Through the forward kinematic model of the redundant heterogeneous robot, according to the structural parameters of the redundant heterogeneous robot, the working range of the rake head of the redundant heterogeneous robot is simulated, and then the simulated working range of the rake head is compared with the working space of the high temperature furnace 400 where the actual rake head is located. Determine whether the simulated working range of the drag head can reach the range in the working space of the high temperature furnace 400 where the actual drag head is located. If it can be reached, it means that the structural parameters of the redundant heterogeneous robot meet the actual requirements.

Step S103 , based on the genetic algorithm and according to the structural parameters of the redundant heterogeneous robot, generate the motion trajectory of the redundant heterogeneous robot, so that the redundant heterogeneous robot can rak the cinder according to the motion trajectory.

In the embodiment of the present application, based on the genetic algorithm, the fitness function is used to continuously iteratively calculate the motion path of the redundant heterogeneous robot, so as to realize the planning of the motion path of the redundant heterogeneous robot, but the traditional genetic algorithm is based on global optimization, It is impossible to effectively avoid the problem of local speed and acceleration jumps. For this reason, in this application, kinematics analysis is performed for the redundant system of redundant heterogeneous robots, based on an improved genetic algorithm, global optimization is discarded, and a stepping point population adaptive trajectory optimization method based on speed smoothness as the main goal is adopted , according to the position and speed of each trajectory point of the gripper of the six-axis robot, the initial population is adaptively generated, and the improved genetic algorithm is used to select the best, abandon the overall stability of the global acceleration, and solve the speed of the traditional genetic algorithm at the turning point. It improves the optimization efficiency of special trajectories such as turning points, prevents jumps in speed and acceleration, and makes the trajectory of the gripper continuous and smooth, the speed is stable, and there is no large acceleration jump.
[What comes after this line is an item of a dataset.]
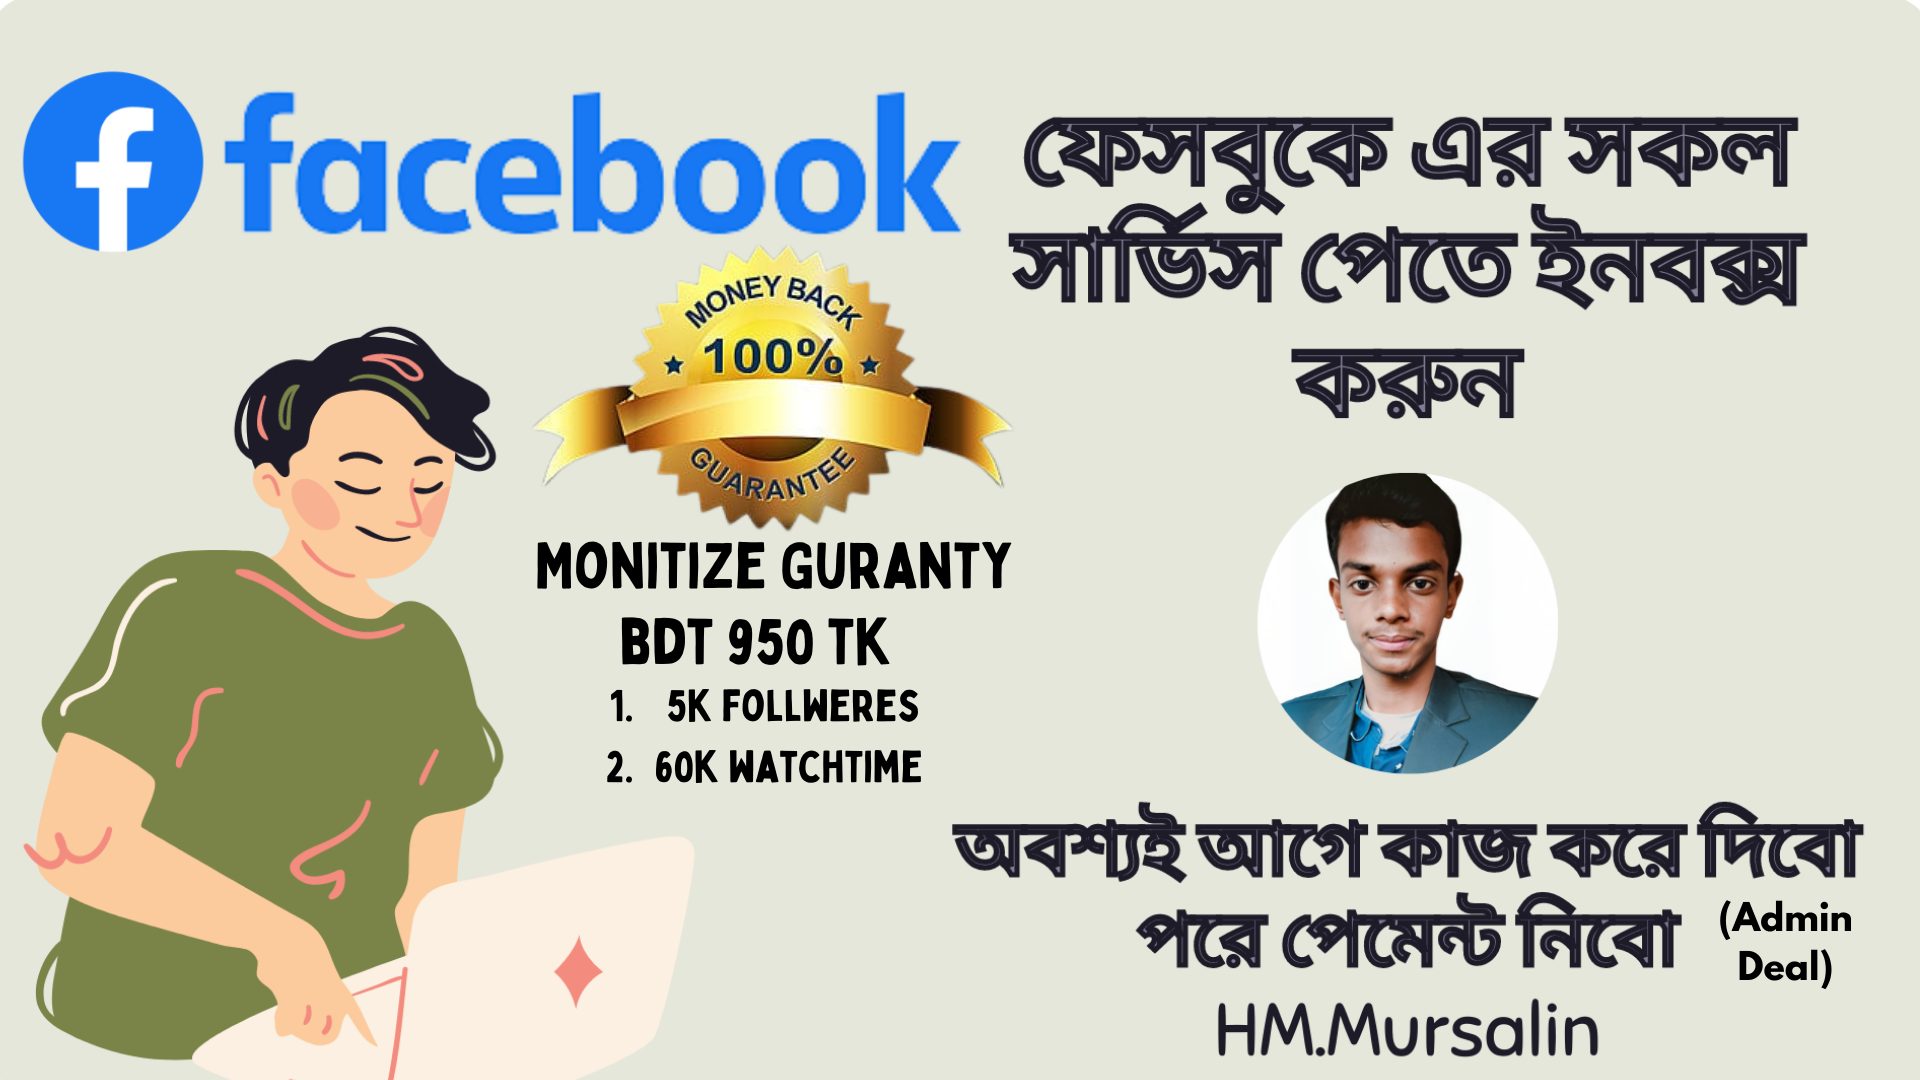 108981Facebook Pages For Sale!!!

FIG. 7 is a schematic flowchart of step S103 provided according to some embodiments of the present application; as shown in FIG. 7 , based on the genetic algorithm, the motion trajectory of the redundant heterogeneous robot is generated according to the structural parameters of the redundant heterogeneous robot, so that the redundant heterogeneous robot can be The robot rakes the cinder according to the motion trajectory, including:

Step S113, according to the structural parameters of the redundant heterogeneous robot and the track coordinates of the starting point of the preset working path of the drag head, obtain the track coordinates of the starting point of the working path of the sliding assembly 302 and the track of the starting point of the working path of the execution end coordinate;

Specifically, according to the trajectory coordinates of the starting point of the preset working path of the drag head and the structural parameters of the redundant heterogeneous robot, the trajectory coordinates of the starting point of the working path of the sliding assembly 302 are generated; according to the starting point of the working path of the sliding assembly 302 The trajectory coordinates of the starting point and the structural parameters of the redundant heterogeneous robot are used to generate the trajectory coordinates of the starting point of the working path of the execution end.
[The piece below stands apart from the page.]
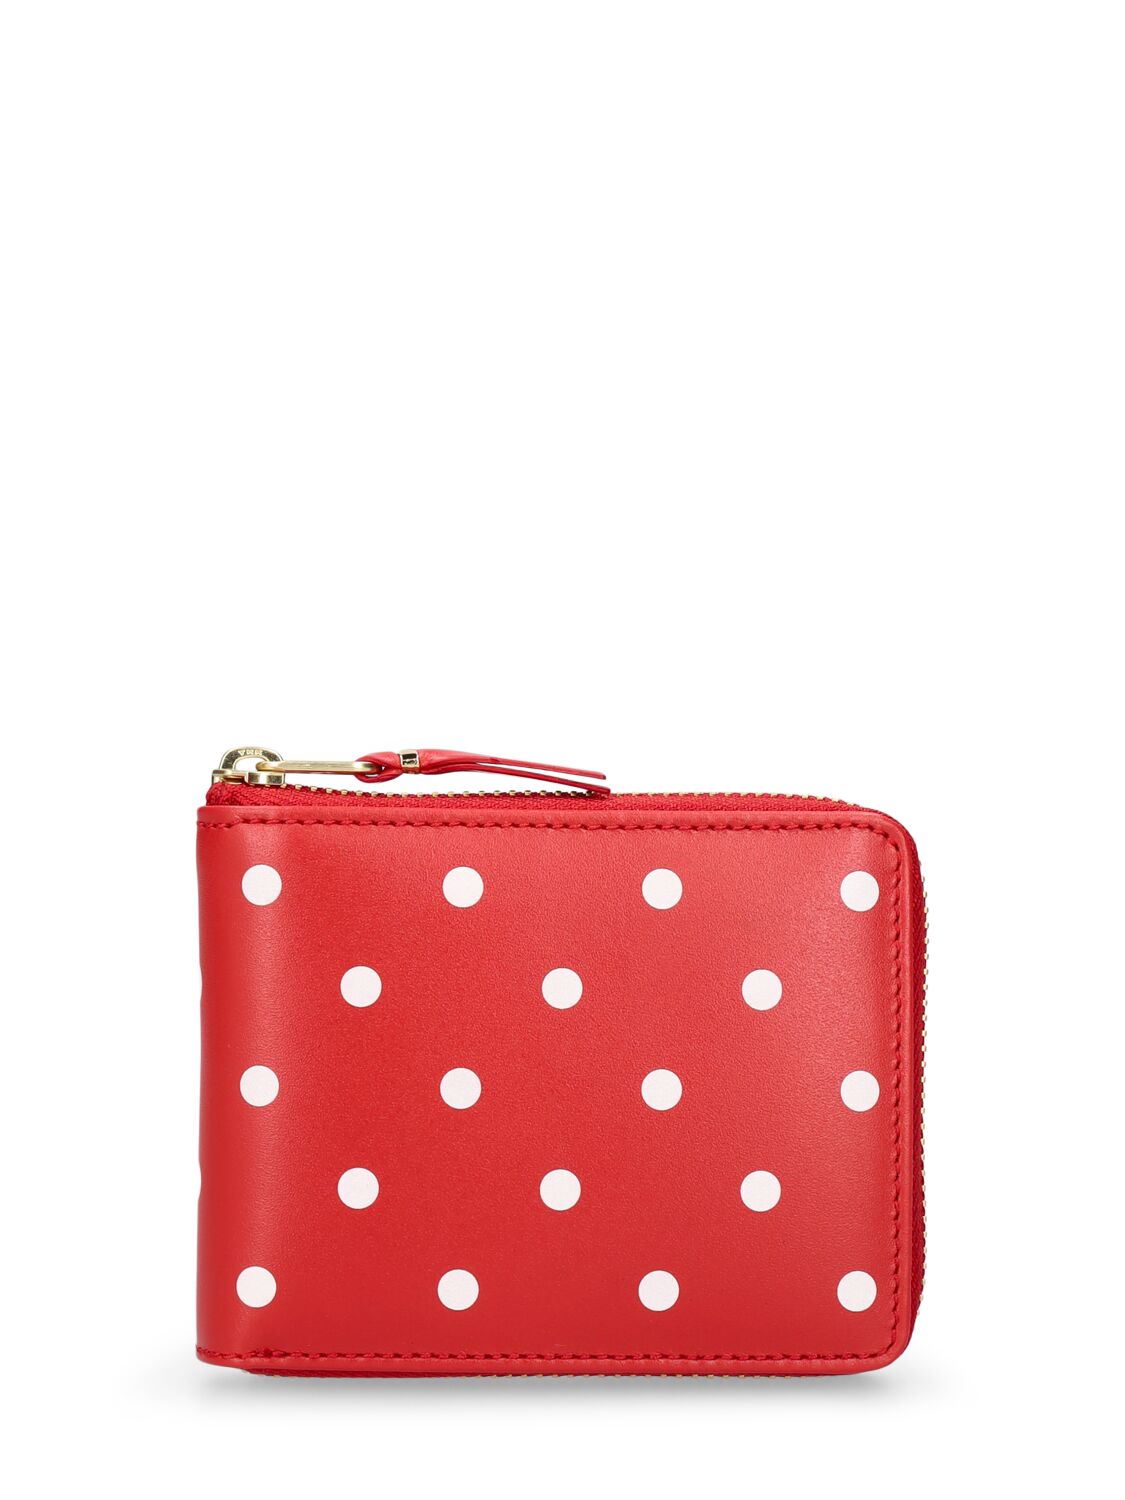 Comme Des Garçons Dot Printed Leather Zip Around Wallet In Red

In the embodiment of the present application, after the raw materials in the high-temperature furnace 400 enter the working chamber 401 from the feeding port, they are accumulated in the working chamber 401, and the rake 200 needs to push the accumulated raw materials to other positions of the working chamber 401 to rake flat. raw material. Here, after the preset working path of the drag head in the working chamber 401 is determined, the coordinates of each track point corresponding to the working path can be determined. After the trajectory coordinates of the starting point of the working path of the rake head are determined, the coordinates of the starting point of the working path of the unique sliding component 302 in the second direction can be determined according to the structural parameters of the redundant heterogeneous robot (that is, the coordinates of the supporting point of the rake bar). Then, according to the unique coordinates of the starting point of the working path of the sliding component 302 and the structural parameters of the redundant heterogeneous robot, the unique coordinates of the starting point of the working path of the gripper can be determined.
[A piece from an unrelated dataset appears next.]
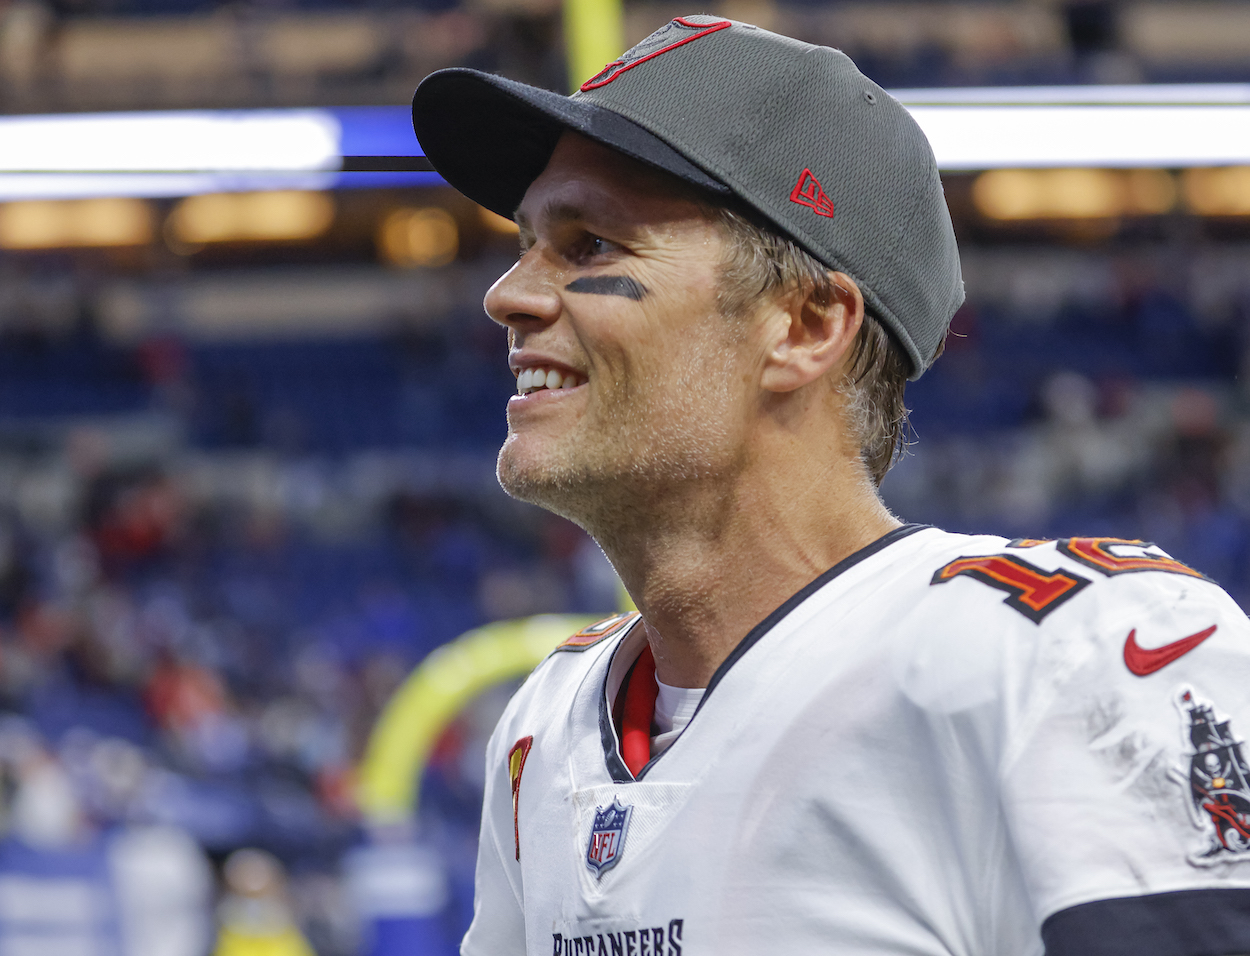 Tom Brady of the Tampa Bay Buccaneers is seen after the game against the Indianapolis Colts at Lucas Oil Stadium on November 28, 2021 in Indianapolis, Indiana.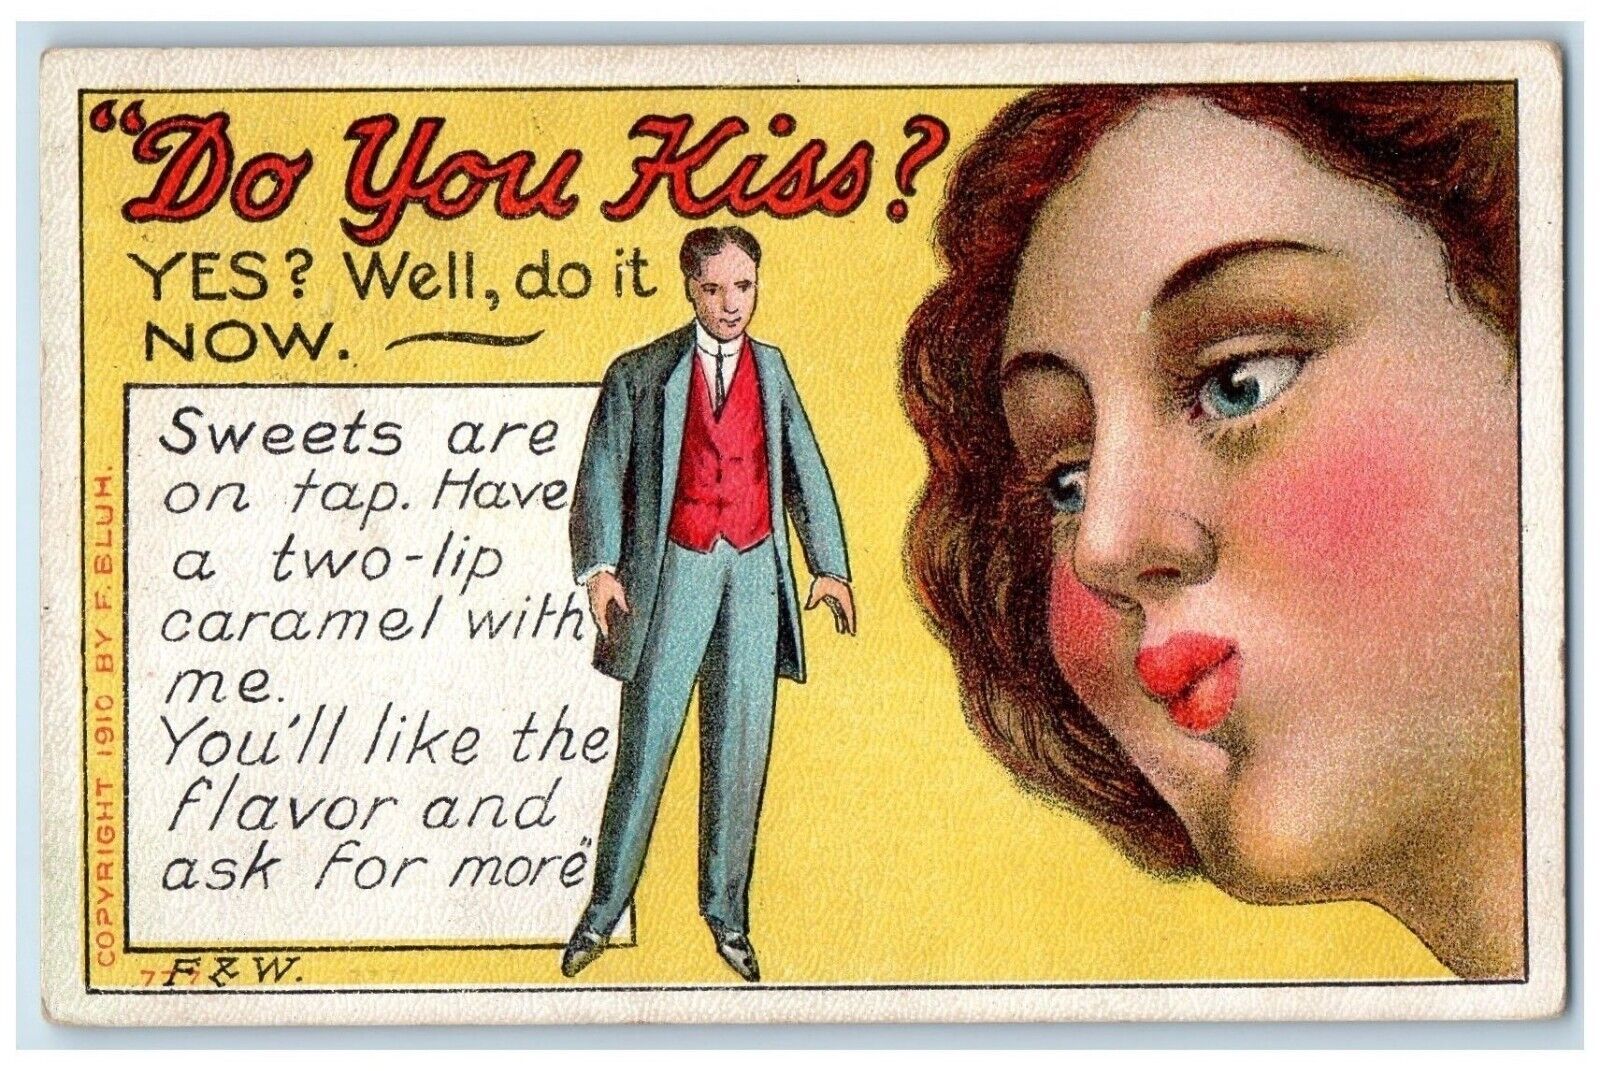 F. Bluh Artist Signed Postcard Pretty Woman Do You Kiss Sweets Are On Tap 1911

Step S123, according to the trajectory coordinates of the starting point of the working path of the execution end, the working parameters of the execution end, the trajectory coordinates of the preset working path of the drag head, and the structural parameters of the redundant robot, based on the genetic algorithm, obtain the sliding component 302. The trajectory coordinates of the working path and the trajectory coordinates of the working path at the execution end are used to generate the motion trajectory of the redundant heterogeneous robot, so that the redundant heterogeneous robot can rak the cinder according to the motion trajectory; wherein, the working parameters include the maximum speed and the maximum acceleration of the execution end. .

Specifically, first, according to the trajectory coordinates of the starting point of the working path of the execution end and the working parameters of the execution end of the six-axis manipulator 100 , the track coordinates of the next working position of the working path of the execution end of the six-axis manipulator 100 are obtained. Then, according to the set of trajectory coordinates of the next working position of the working path of the execution end of the six-axis robot arm 100 and the trajectory coordinates of the next working position of the working path of the sliding assembly 302, the working path of the sliding assembly 302 is obtained. Then, based on the preset fitness function, according to the trajectory coordinate set of the next working position of the working path of the sliding component 302, obtain the next work of the working path of the sliding component 302 The trajectory coordinates of the position; finally, according to the trajectory coordinates of the next working position of the working path of the sliding component 302 and the structural parameters of the redundant heterogeneous robot, the trajectory of the next working position of the working path of the execution end of the six-axis robotic arm 100 is obtained coordinate.

In the embodiment of the present application, after the initial coordinates of the working path of the gripper are obtained, the set of trajectory coordinates of the next working position of the working path of the gripper is obtained according to the working parameters of the gripper, that is, the maximum speed and the maximum acceleration of the gripper , and then the set of trajectory coordinates of the next working position of the gripper working path and the trajectory coordinates of the next working position in the preset working path of the rake head are used to determine the upper and lower working path of the rake bar support point (slip component 302 ). The set of trajectory coordinates of the working position; then, the set of trajectory coordinates of the next working position on the working path of the rake rod support point is calculated and optimized by the fitness function, and the trajectory coordinates of the next working position on the working path of the rake rod support point are calculated and optimized. The trajectory coordinates of the next working position on the working path of the optimal rake bar support point are determined from the set of .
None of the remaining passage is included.